═══ Dataset content
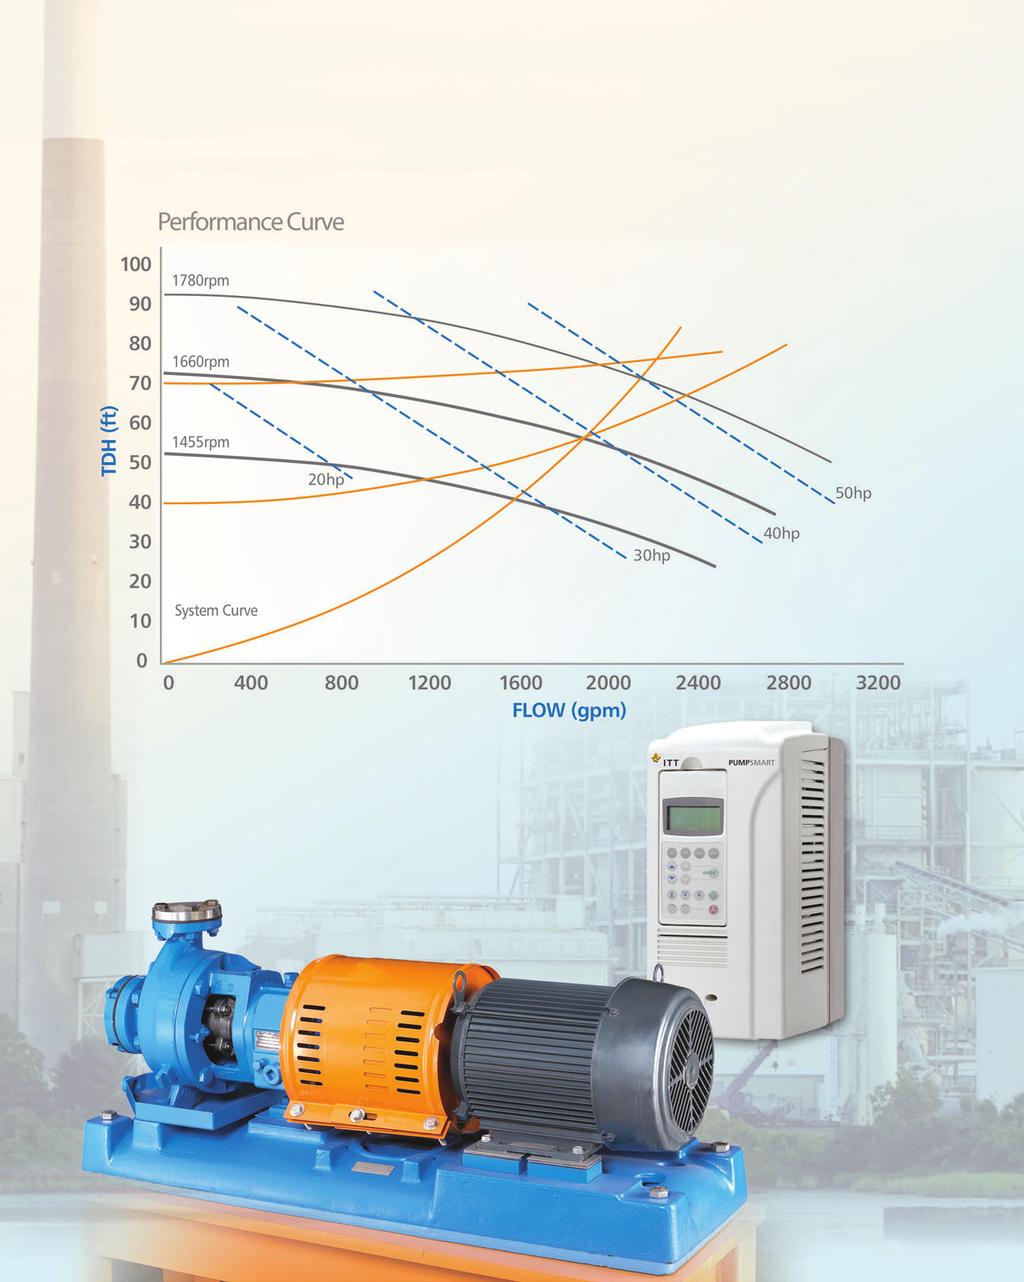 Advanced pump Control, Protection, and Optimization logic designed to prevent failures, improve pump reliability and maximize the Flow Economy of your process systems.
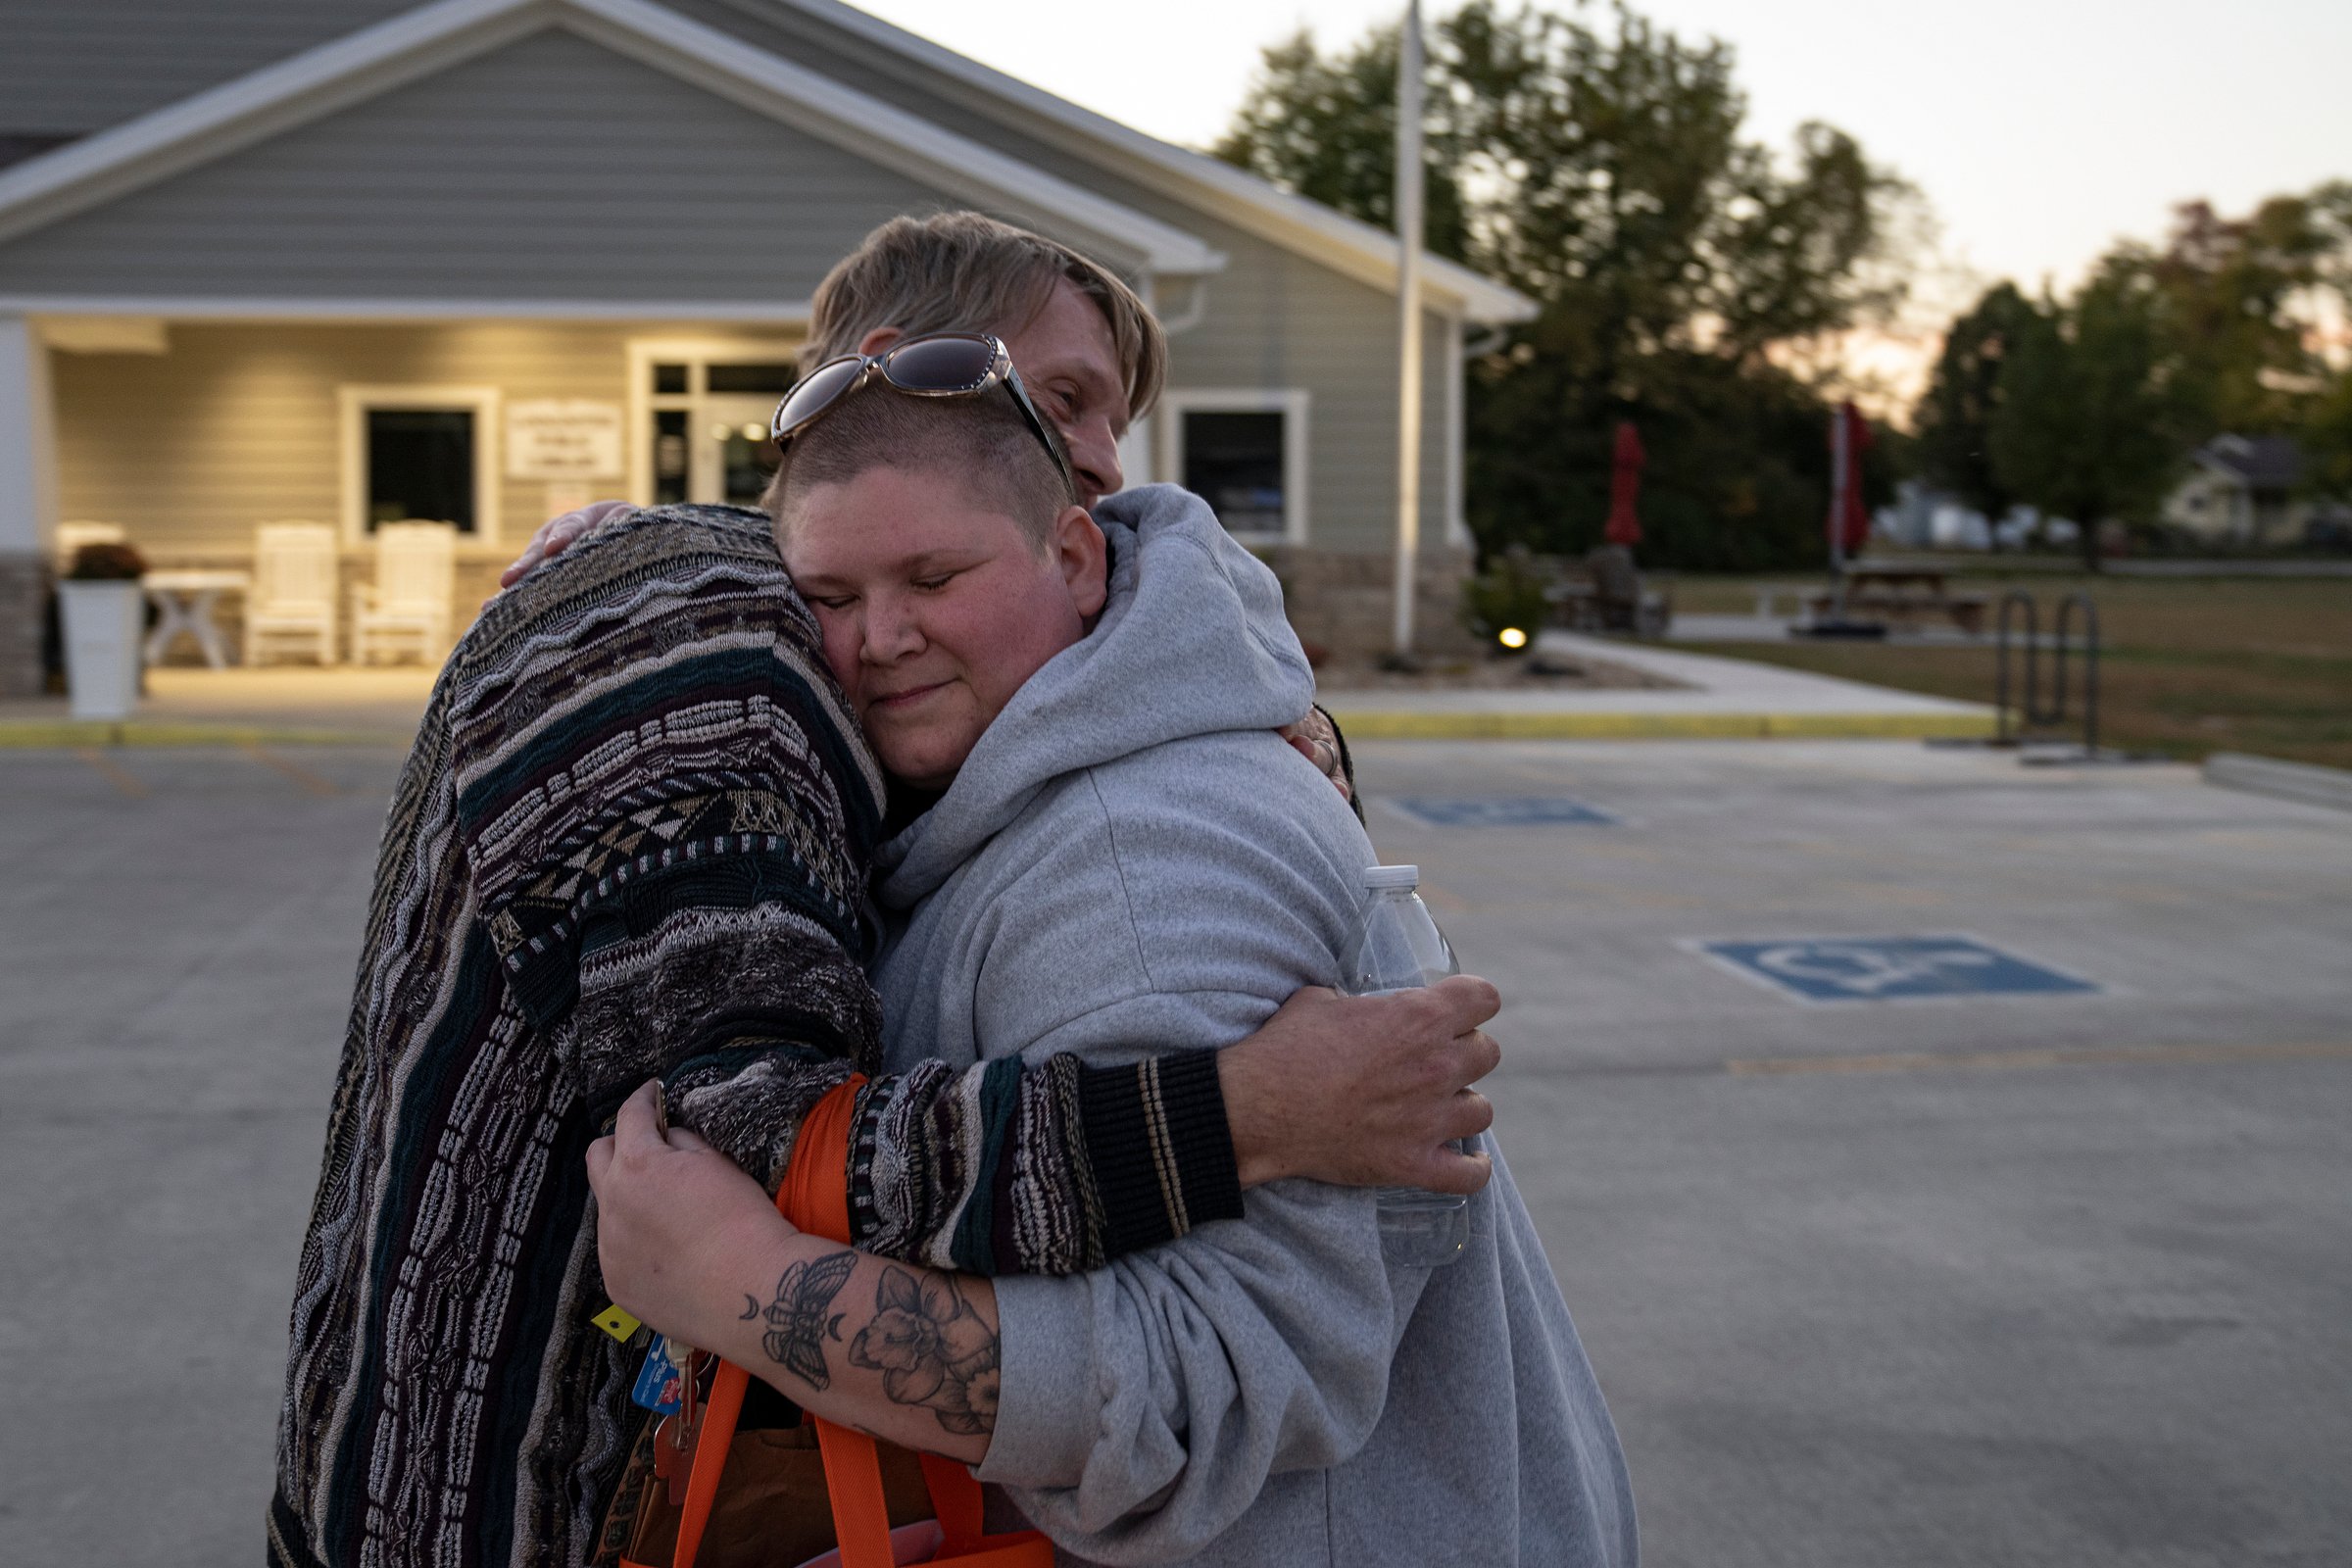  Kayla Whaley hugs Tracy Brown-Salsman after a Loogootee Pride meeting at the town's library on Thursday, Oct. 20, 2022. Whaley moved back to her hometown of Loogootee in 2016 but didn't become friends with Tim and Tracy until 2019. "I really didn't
══════
═══ Dataset content
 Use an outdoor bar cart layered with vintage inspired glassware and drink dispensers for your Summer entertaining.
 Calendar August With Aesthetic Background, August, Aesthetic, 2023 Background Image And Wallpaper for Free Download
══════
[Aim of the task]:
Everything in the material above from the line that has "Use an outdoor" through the line that has "Calendar August With" must be duplicated exactly, with no other lines given.

[Solution]:
 Use an outdoor bar cart layered with vintage inspired glassware and drink dispensers for your Summer entertaining.
 Calendar August With Aesthetic Background, August, Aesthetic, 2023 Background Image And Wallpaper for Free Download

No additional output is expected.